As his boss (Baldwin) informs him, the Spasmodica is a flawed design that's about to lose the company $972 million and "may cause an entire generation to return to bare feet". Quite why - or indeed how - a shoe can lose almost $1 billion we never find out. Either way, Drew loses his job, and considers suicide, saved only by the discovery that his father has just died. Instructed by his mother, Hollie (Sarandon), to head to Elizabethtown to arrange the funeral, the maudlin Drew makes for the airport where he meets Claire Colburn (Dunst), a chirpy airline attendant who bumps him up to first class and gives him her number.
Upon arrival in Kentucky, Drew meets his relatives, whom he barely knows since his parents moved to California years ago.

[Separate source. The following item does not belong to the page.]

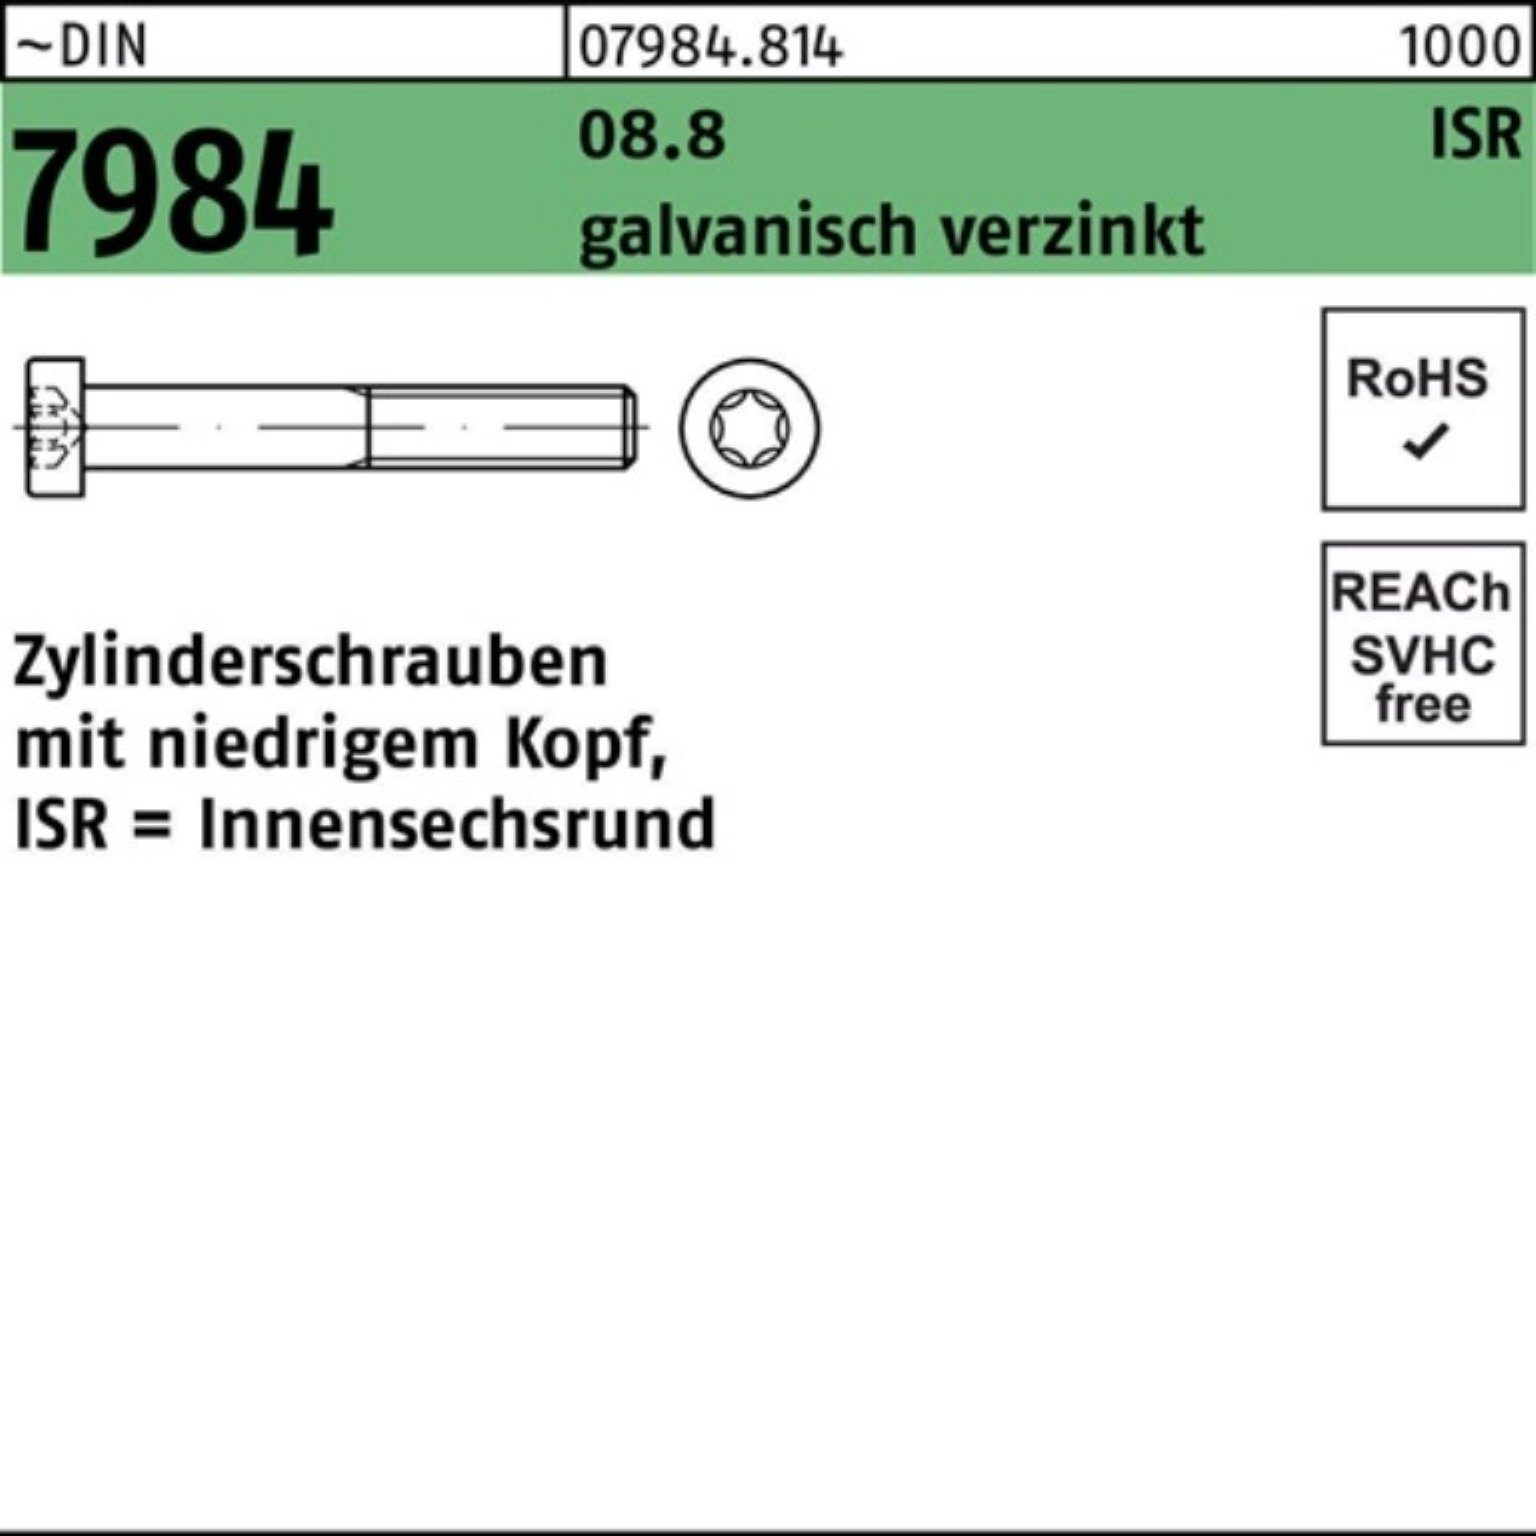 Reyher DIN M6x10-T30 500er 7984 Pack ISR Zylinderschraube Zylinderschraube 8.8 galv.verz. 500S

Understandably, they all want his father to be buried at the family plot in Elizabethtown, while Hollie - who never bonded with the other side of the family - wants him to be cremated and returned home. Stuck in the middle, Drew attempts to appease everybody, all the while dealing with his own feelings of despair. While his mother threatens to take up tap-dancing lessons to diminish her grief, Drew turns to Claire and so begins a relationship that literally saves his life. Eternally upbeat, she manages to snap Drew from his funk: "You have five minutes to wallow in the delicious misery," she informs him. The question remains, will their friendship remain platonic or turn into something more?
This being a Cameron Crowe movie, the soundtrack is jam-packed with classic tracks, from U2's 'Pride' to Elton John's 'My Father's Gun'. Crowe relies on his tunes as a cheap way to move the audience. It works better when he integrates music into the plot, such as the hilarious reunion of the band fronted by Drew's cousin Jessie (Schneider), who once footed the bill at a music festival headlined by Lynyrd Skynyrd. In tribute to their idols, while playing at Drew's father's memorial, the band delivers a killer version of 'Freebird', topped by the best set-piece in the film.
With a trite script that never really engages the audience, Elizabethtown's biggest flaw is the casting of Orlando Bloom. Overshadowed by the support - the dreamy Dunst and a spiky Sarandon in particular - the young actor looks lost. But, in fairness, the bulk of the blame must be attributed to Crowe. While he removed the original finale, which saw the Spasmodica suddenly become a runaway success, it wasn't enough to save this messy film.